Task slug	Agent	Trigger	Output
`research-source-sweep`	Research Scout	manual / cron	entities
`grade-source-item`	Methodology Reviewer	entity_created	response
`ingest-url-to-source-item`	Research Scout	manual	entity
`extract-claims-for-modality`	Claim Synthesizer	manual	entities
`assess-claim-strength`	Evidence Strength Assessor	entity_created	response
`promote-claim-to-approved`	Human (HITL)	manual	status

No double-grading: ingest-url-to-source-item does not enqueue grading. The entity_created trigger on grade-source-item fires automatically when any source-item is created — whether by the manual task or by the capture hook.

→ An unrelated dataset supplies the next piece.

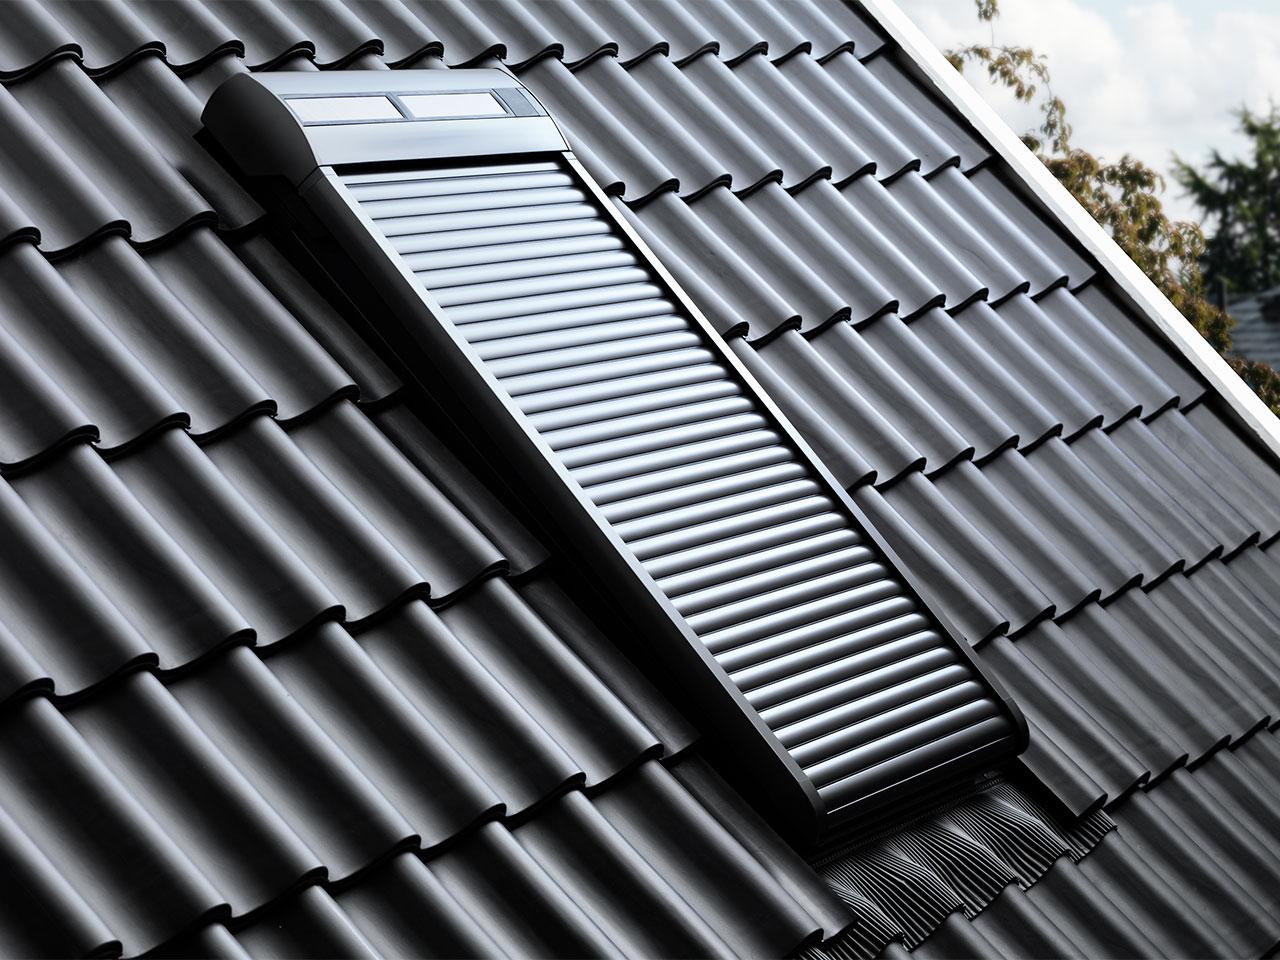 Full Size of Velux Fenster Kaufen Dachfenster Rolllden Fr Auen Küche Ikea Zwangsbelüftung Nachrüsten Sofa Online Sichtschutz Neue Einbauen Günstig Mit Elektrogeräten Fenster Velux Fenster Kaufen
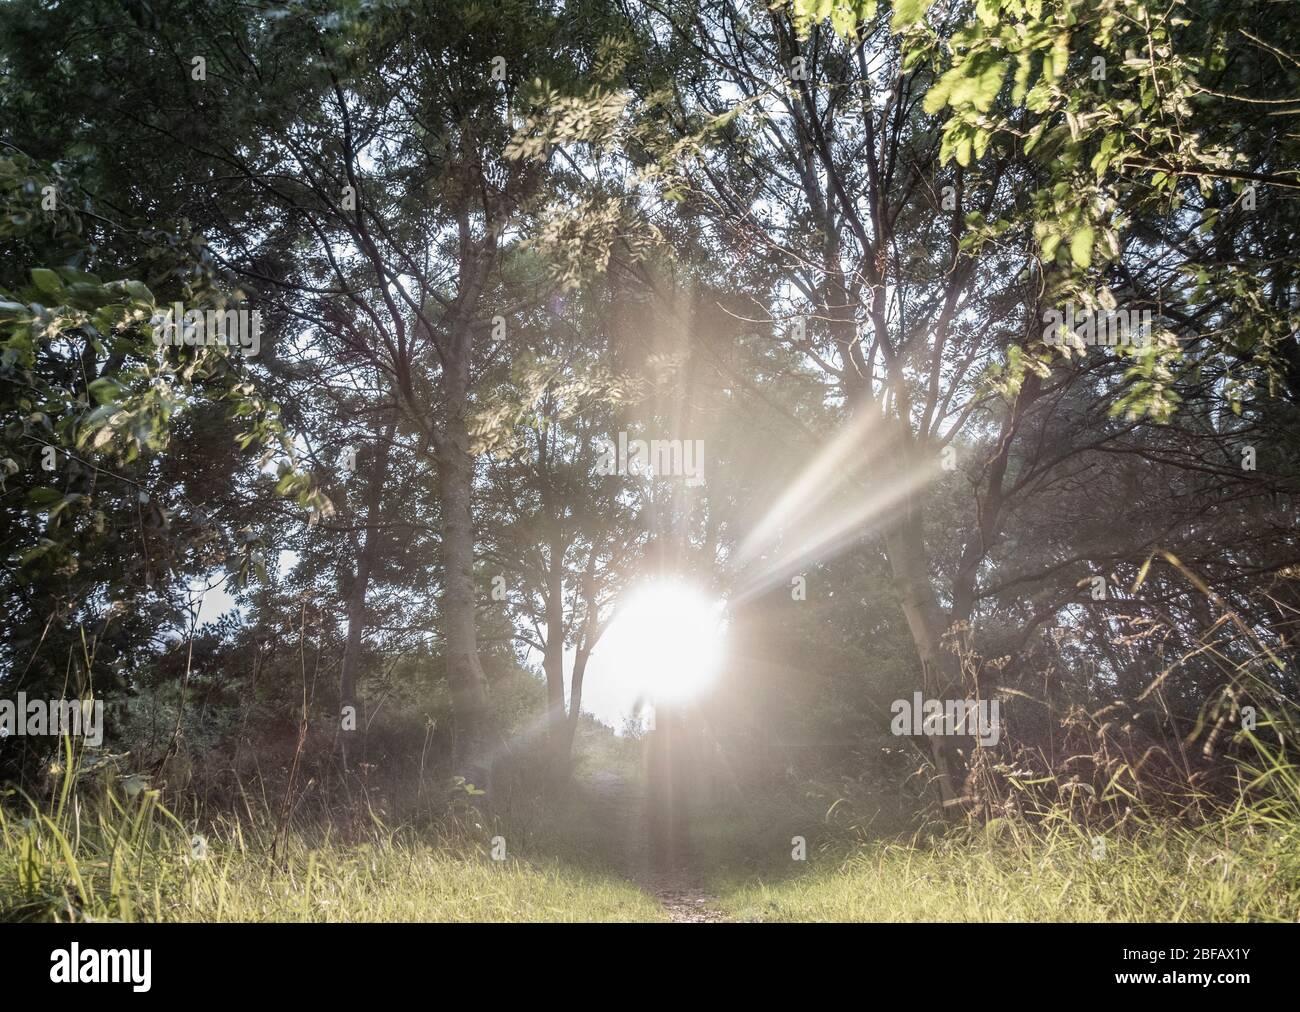 Torcia, fascio di luce nei boschi, foresta di notte. Spooky, spaventoso... concetto Foto Stock

Capture → ingestion path: when Nolan pastes a URL into Quick Capture, the platform's capture URL routing hook fires, invoking Research Scout with ingestUrl. A draft source-item appears in the inbox within seconds; the evidence-quality grade follows asynchronously via the grade-source-item task (may take a few minutes for long PDFs).

Views

View	Surface type	Entity	Purpose
Modality Library	grid	`modality`	6 modality cards with source count, claim count, gap flag
Research Library	grid	`source-item`	All articles; columns: title, modality, grade, date, status
Claims Queue	kanban	`evidence-claim`	draft → under-review → approved → rejected workflow
Evidence Gaps	grid	`modality`	Modalities with < 5 approved claims or avg grade < 5
Modality Dossier	page (detail)	`modality`	Per-modality: sources, claims, gaps, linked protocols

`agent_context` workspace setting

The DOC'S tenant agent_context is merged idempotently using sentinel markers ( ... ). Re-running any seed script is safe — it replaces only the content between the markers.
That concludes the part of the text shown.